Подошёл к окну, отодвинул тяжёлую портьеру. Стекло было мутным, в паутине трещин, но за ним открывался сад — буйство крапивы и лопухов, едва сдерживаемое каменной оградой. В центре, как пленный океан, чернел пруд. Над водой кружили стрекозы, а ива склонила ветви, будто пыталась напиться. Где-то вдалеке, за ржавыми воротами, угадывалась просёлочная дорога. Ни машин, ни фонарей — только июльское солнце, пробивающееся сквозь облака.
—Барин... — Даша вернулась с подносом: чёрный хлеб, кусок сыра с остатками плесени, которые были заботливо обрезаны, но всё-таки пытались сохранить хоть что-то съедобное, кружка молока. Она поставила еду на стол, поклонилась и замерла у стены, словно ждала удара.
—Спасибо, — сказал я, и она вздрогнула, будто это слово было на иностранном.
Сел на краю кровати. Солома под тонким матрасом колола бока. Хлеб оказался твёрдым, но я грыз его с жадностью, чувствуя, как крошки царапают горло. Сыр пах остро, по-деревенски. Это была еда без химии, без сроков годности, без пластиковой упаковки. Настоящая.

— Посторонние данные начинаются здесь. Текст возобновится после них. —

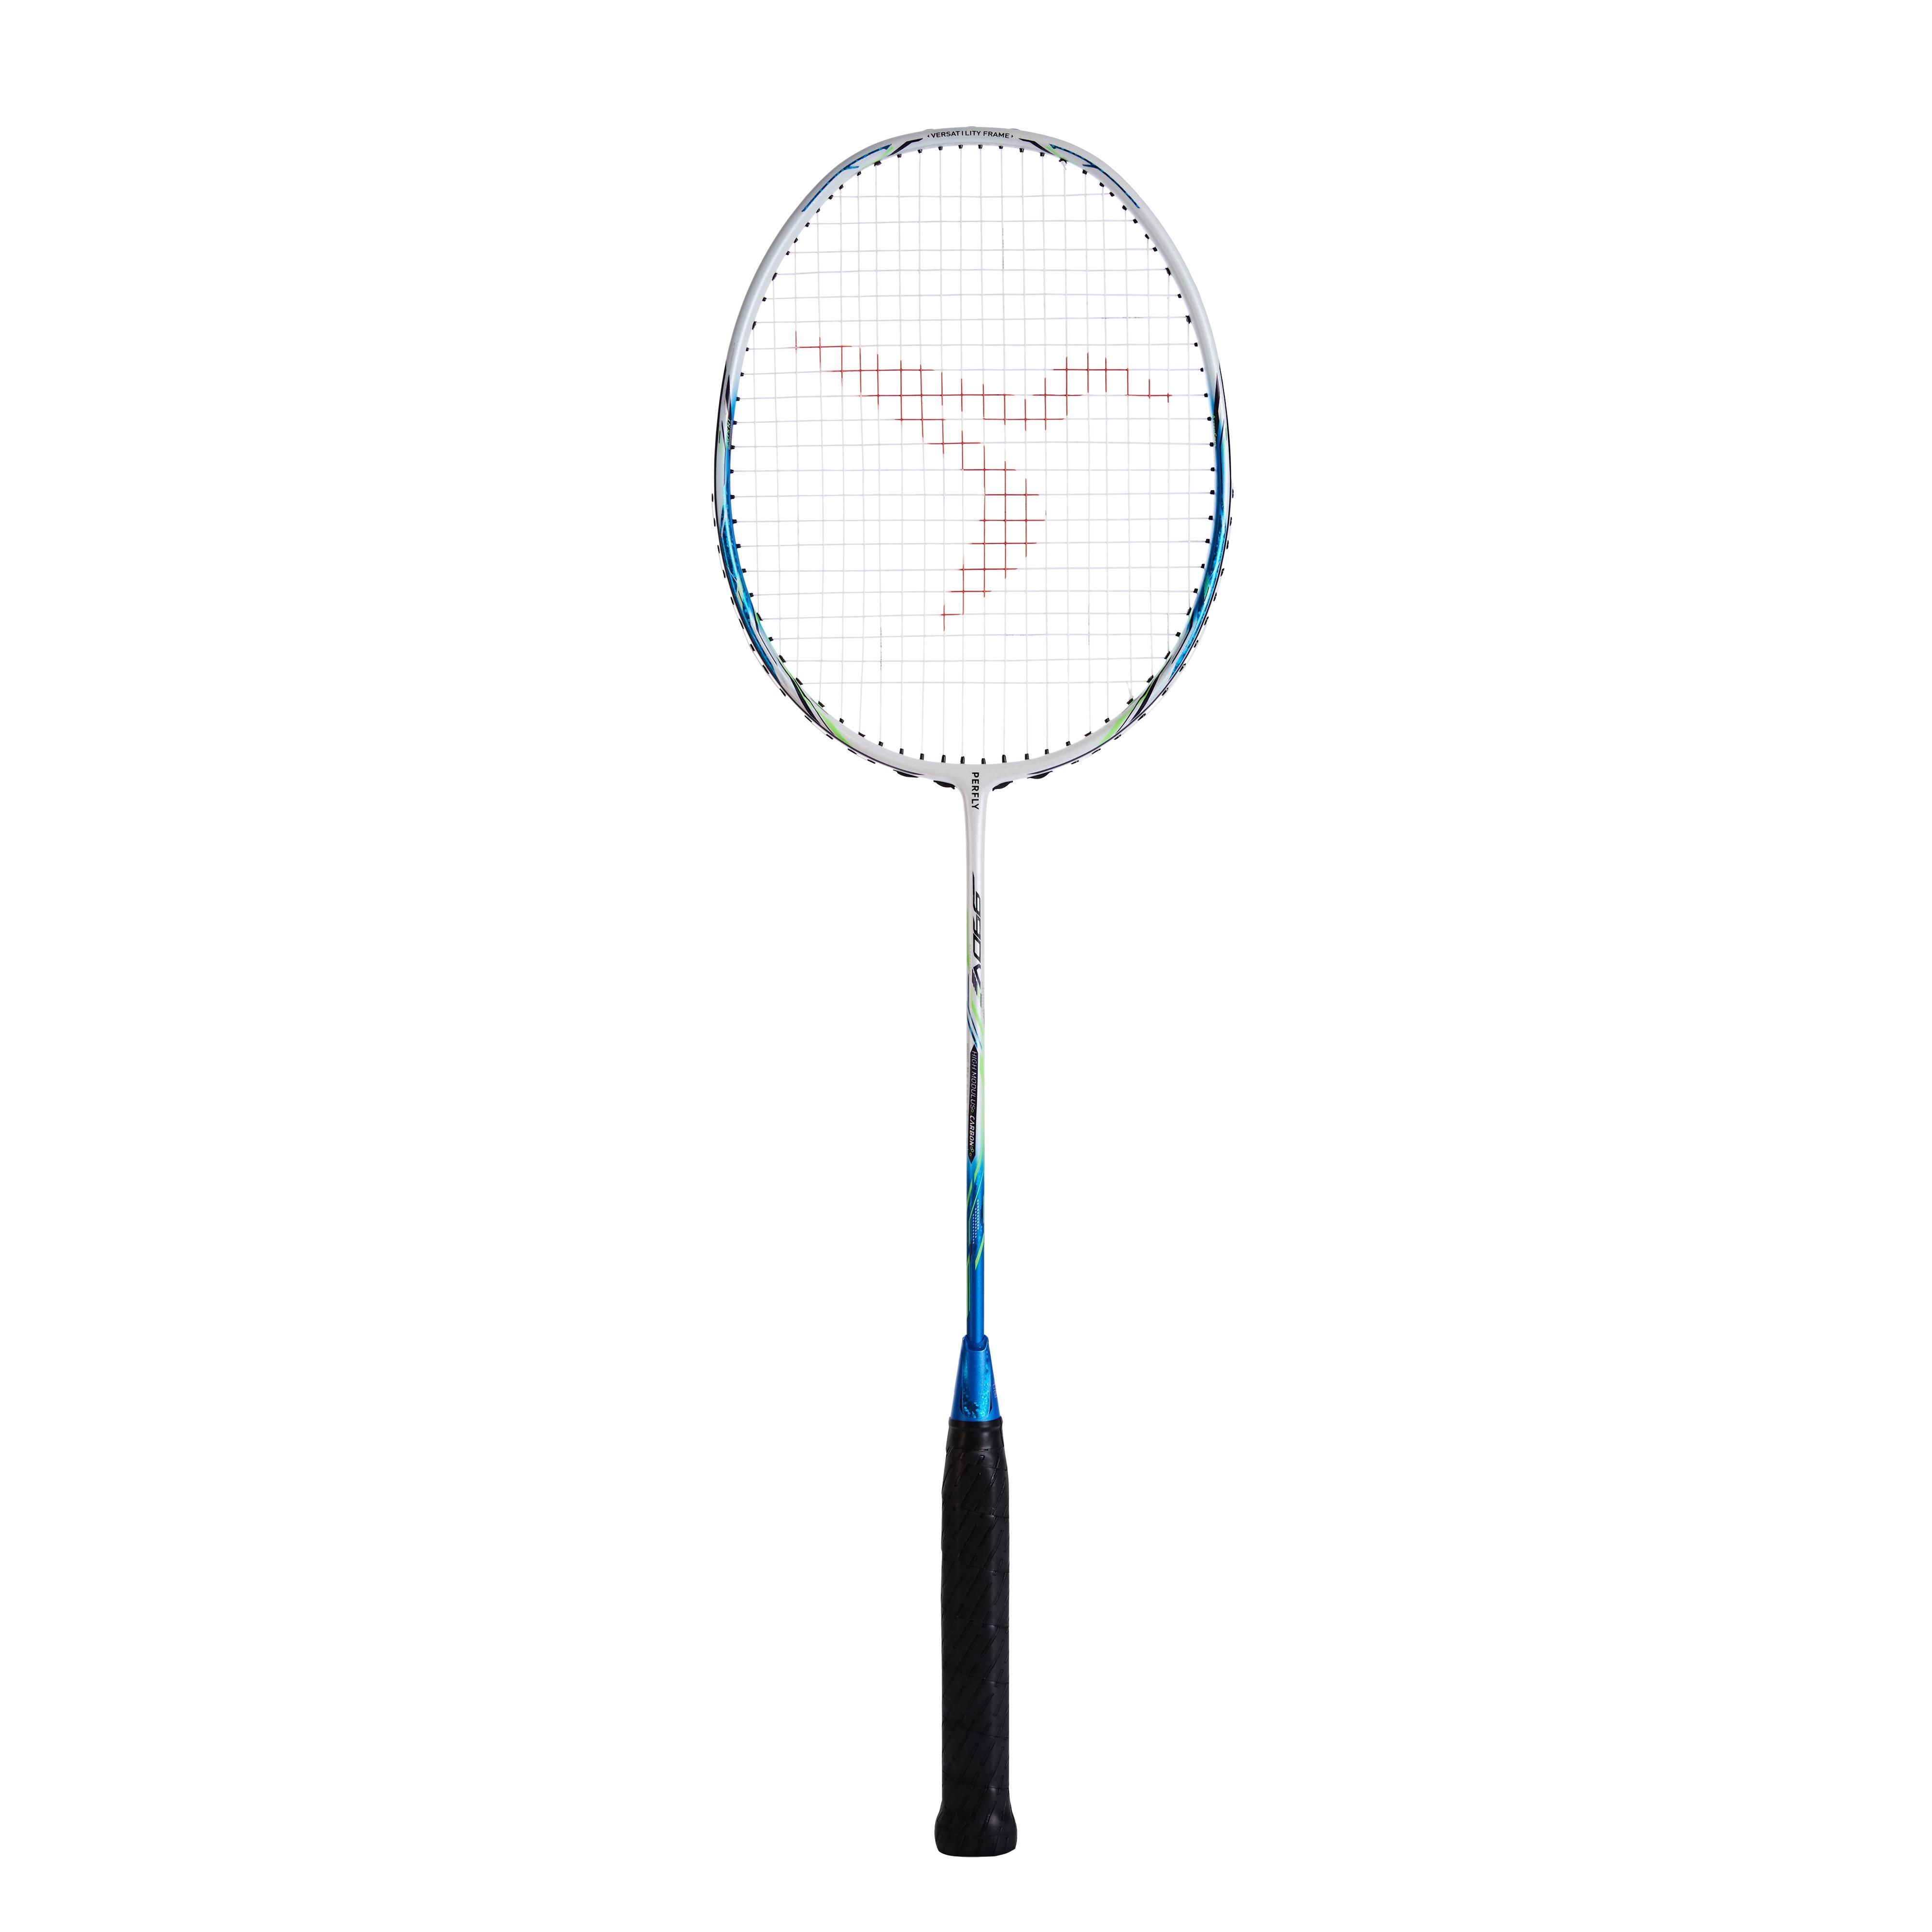 Rachetă Badminton BR 990 V imagine

—Где... отец? — спросил я, вытирая губы рукавом. Кажется, я был кем-то вроде подростка и тот мужчина на портрете наверняка мой отец, дед или вроде того. Рубашка, рукавом которой я вытерся, была льняной, грубой, но чистой.

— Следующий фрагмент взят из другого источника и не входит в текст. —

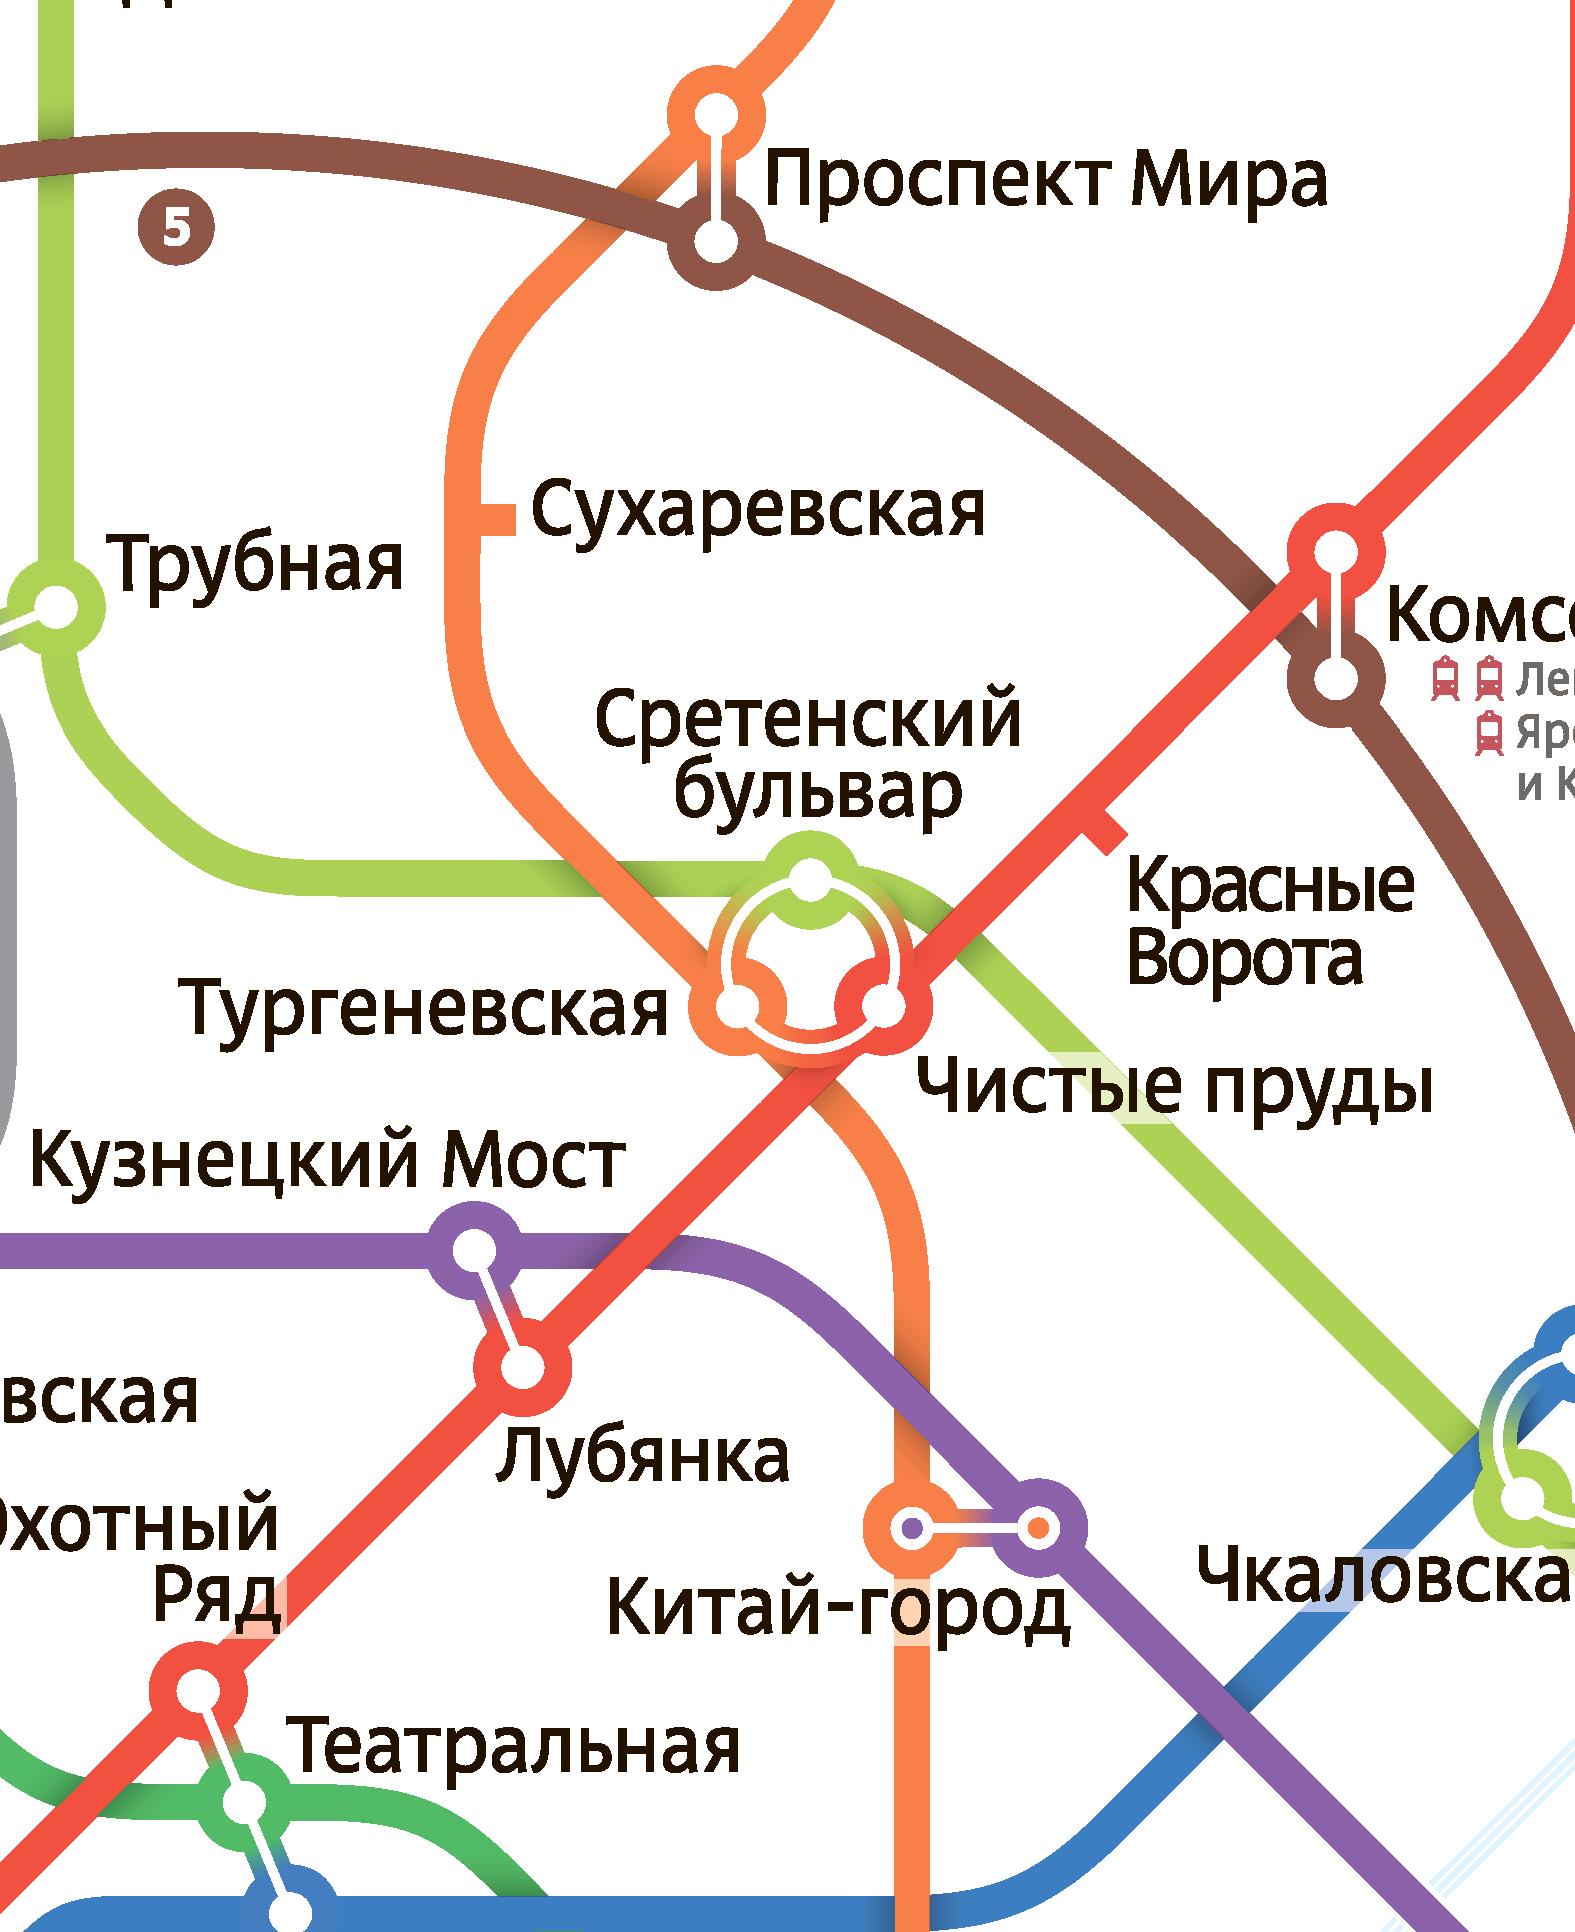 схема на карту московского метро до 2020 года

—В отъезде, — Даша опустила глаза. — С прошлой осени. Писали из Петербурга, что задерживаются... по делам.
Дела? Долги? Или дипломатическая миссия?Вспомнил: он Грановский-старший и уехал в Монголию в составе дипломатической миссии. Значит, дом остался на попечении сына и одной служанки. Сына по имени Григорий Грановский.

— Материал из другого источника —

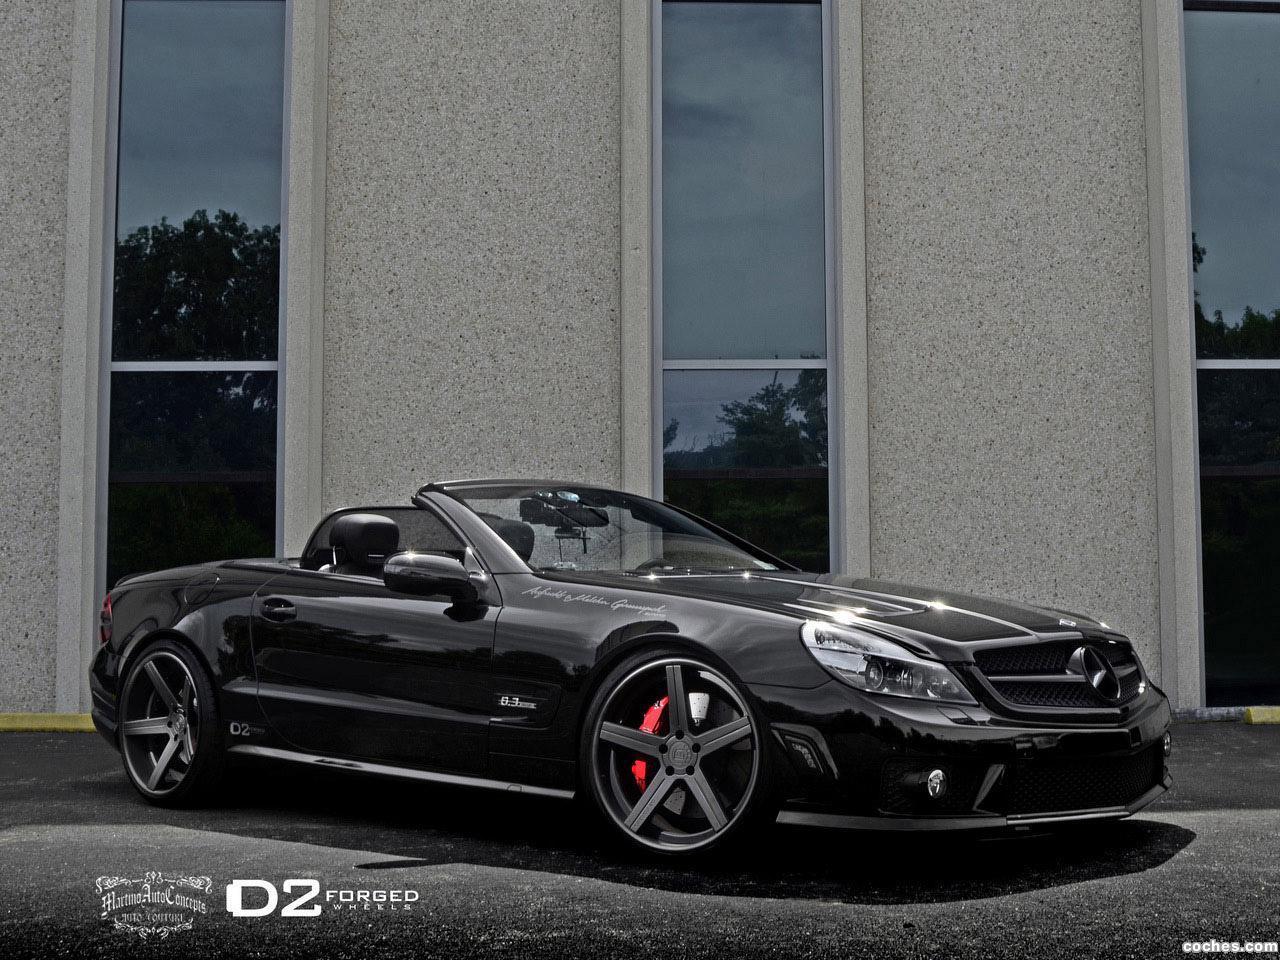 Foto 5 de Mercedes Clase SL SL63 D2Forged CV2 2013

—А остальные? Где... кухарка? Садовник? - я сразу вспомнил доброе лицо пожилой кухарки. Старая, вся в морщинах, но такая улыбчивая и заботливая, всегда наливавшая мне тёплое молоко. Маша её звали, что ли?
Она покраснела, перебирая фартук:— После того как батюшка уехали, Марфа Степановна уволилась. Говорила, что три месяца жалованья не видела. Садовник... — голос дрогнул, — садовник Прокофий напился да в пруду утоп прошлой зимой. Теперь я и кухарка, и прачка, и...
Она вдруг всхлипнула, прикрыв лицо руками. Я встал, хотел подойти, но она отшатнулась, как загнанный зверёк.
—Простите, барин, это я от усталости... — быстро вытерла лицо. — Воды принесу. Подушку взбить?
—Нет. Ты пока не нужна, можешь заняться своими делами.
Она ушла, шаркая башмаками по коридору, а я остался с тишиной. Надо было осмотреться в новом жилище и понять, что вообще здесь творится.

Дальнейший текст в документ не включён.